El procedimiento judicial, iniciado tras denuncias procedentes de la comunidad judía de Amberes, ha provocado también la reacción airada del ministro de Exteriores de Israel, Gideon Saar. El jefe de la diplomacia israelí intervino en la polémica con un mensaje en redes sociales en el que alertó de un supuesto incremento de la violencia antisemita en Bélgica y reprochó al país que no ofrezca asistencia consular en territorios ocupados por colonos.
Ante estas acusaciones, el ministro de Exteriores belga, el democristiano francófono Maxime Prévot, respondió por la misma vía negando los señalamientos y detallando las medidas adoptadas para reforzar la seguridad de la comunidad judía. Al mismo tiempo, subrayó que el enfoque belga “va más allá de la represión y protección” y que también se apuesta por “prevención, educación y resiliencia”.
“Protegeremos a nuestra comunidad judía con todo lo que Bélgica tiene a su alcance. Siempre escucharemos sus preocupaciones. Y seguiremos denunciando las violaciones del Derecho internacional, las cometa quien las cometa”, remarcó el ministro belga en su contestación a Saar.
Investigación por circuncisiones rituales ilegales en Amberes
El Ministerio de Exteriores que encabeza Prévot citó el martes a White para llamarle al orden y recordarle los “límites de su función”, después de que, días antes, el embajador exigiera al Gobierno belga que interviniera para detener un proceso judicial en Amberes por presuntas circuncisiones ilegales practicadas en el seno de la comunidad judía por personas sin la cualificación médica requerida por la normativa belga.
White —que ha mantenido sus críticas pese a la dura primera reacción de Prévot, quien calificó de “ofensivas e inaceptables” sus palabras— fue recibido el martes por la presidenta del comité de dirección del Ministerio, Theodora Gentzis, en ausencia del ministro, que se encuentra de viaje oficial en Nueva Zelanda.
Durante la reunión, Gentzis recordó al embajador que la Convención de Viena sobre relaciones diplomáticas establece el “papel y límites de las funciones de un embajador” acreditado en un Estado extranjero.
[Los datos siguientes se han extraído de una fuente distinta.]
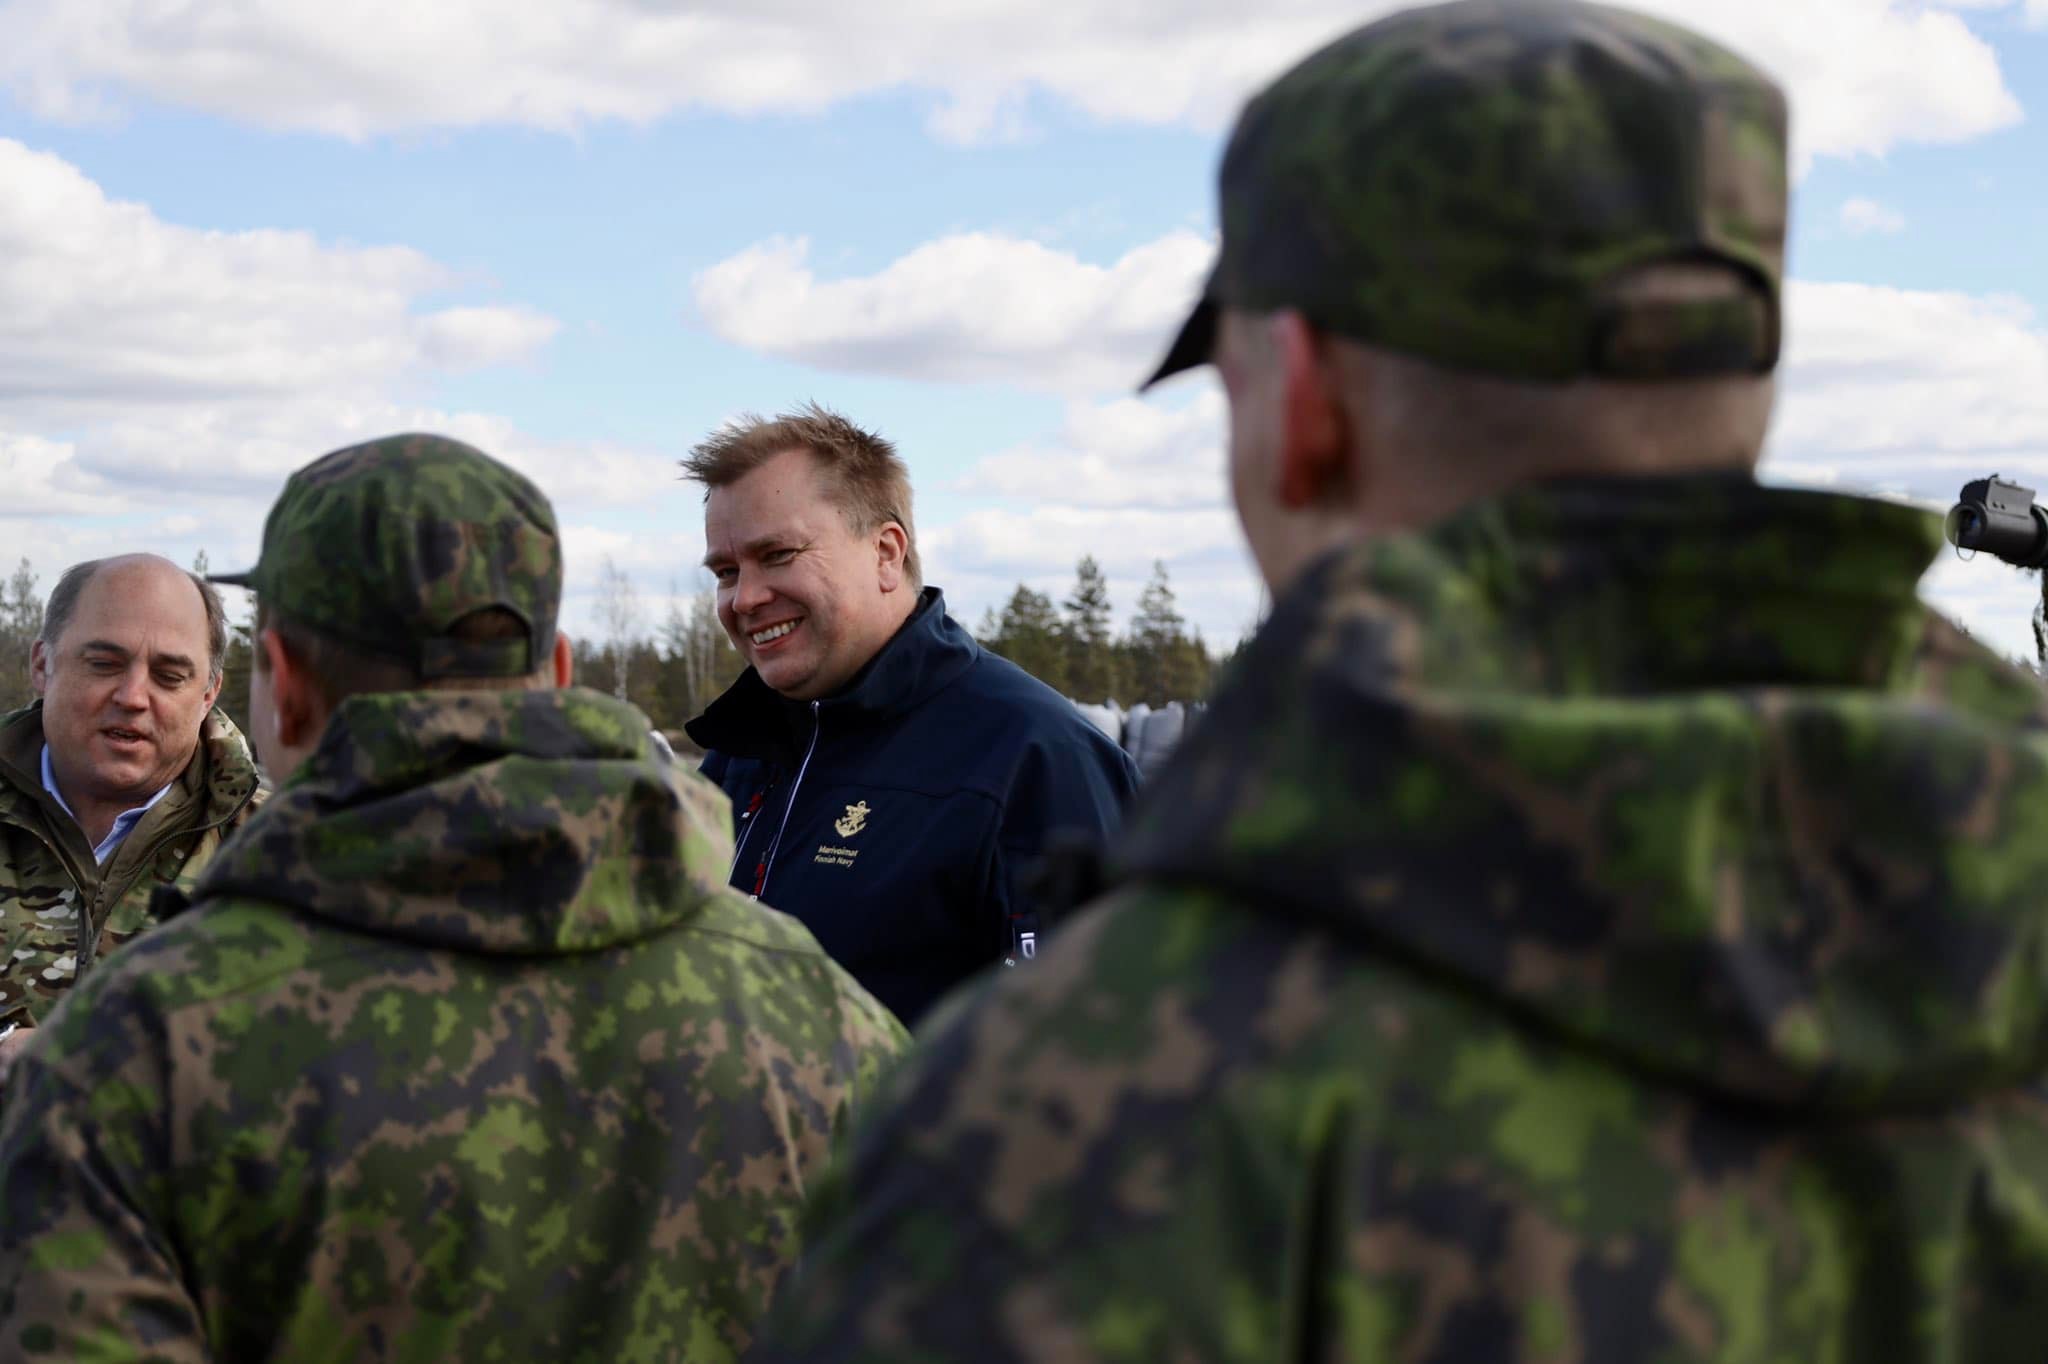 Φινλανδία ΝΑΤΟ: Ο υπουργός Άμυνας παίρνει άδεια πατρότητας εν μέσω κρίσιμων συζητήσεων

También le advirtió de que los “ataques personales con miembros del Gobierno belga y cualquier otra ingerencia en los asuntos internos de Bélgica constituyen una violación de esas reglas fundamentales”.
La alta funcionaria incidió igualmente en la relevancia del principio de “separación de poderes” en los sistemas democráticos y recalcó que Bélgica desea preservar una relación fluida con Estados Unidos. El Ejecutivo, añadió, se mantiene “abierto al diálogo”, pero insistió en que dicho diálogo debe basarse en el “respeto” a las instituciones y a la soberanía belga.
“Toda sugerencia respecto a que Bélgica sería antisemita es totalmente falsa, ofensiva e inaceptable”, reiteró el Ministerio de Exteriores en un comunicado, retomando las palabras que Prévot había difundido la víspera tras las primeras acusaciones del representante de Washington.
En este contexto, Bélgica afirma que condena “sistemáticamente y sin equívoco” cualquier manifestación de antisemitismo y racismo, tanto dentro de sus fronteras como en el exterior, y defiende que esta lucha debe afrontarse sumando esfuerzos “más que sembrando la división”. El texto oficial subraya que las acusaciones “infundadas” no contribuyen a ese objetivo común.
La controversia se origina en las críticas de White al ministro de Sanidad, el liberal flamenco Frank Vandenbroucke, y en el procesamiento en Amberes de varios ‘mohel’, figura religiosa encargada tradicionalmente de la circuncisión de los recién nacidos en el judaísmo, por haber realizado estas intervenciones sin la formación médica requerida por la ley belga.
Según el embajador estadounidense, este caso responde a un “acoso inaceptable” contra la comunidad judía y reclama que se garantice plenamente la libertad religiosa de los judíos en Bélgica. Al mismo tiempo, arremete contra Vandenbroucke, al que tilda de “rudo” y acusa de negarse a interceder para frenar el proceso judicial porque “no le gusta Estados Unidos”.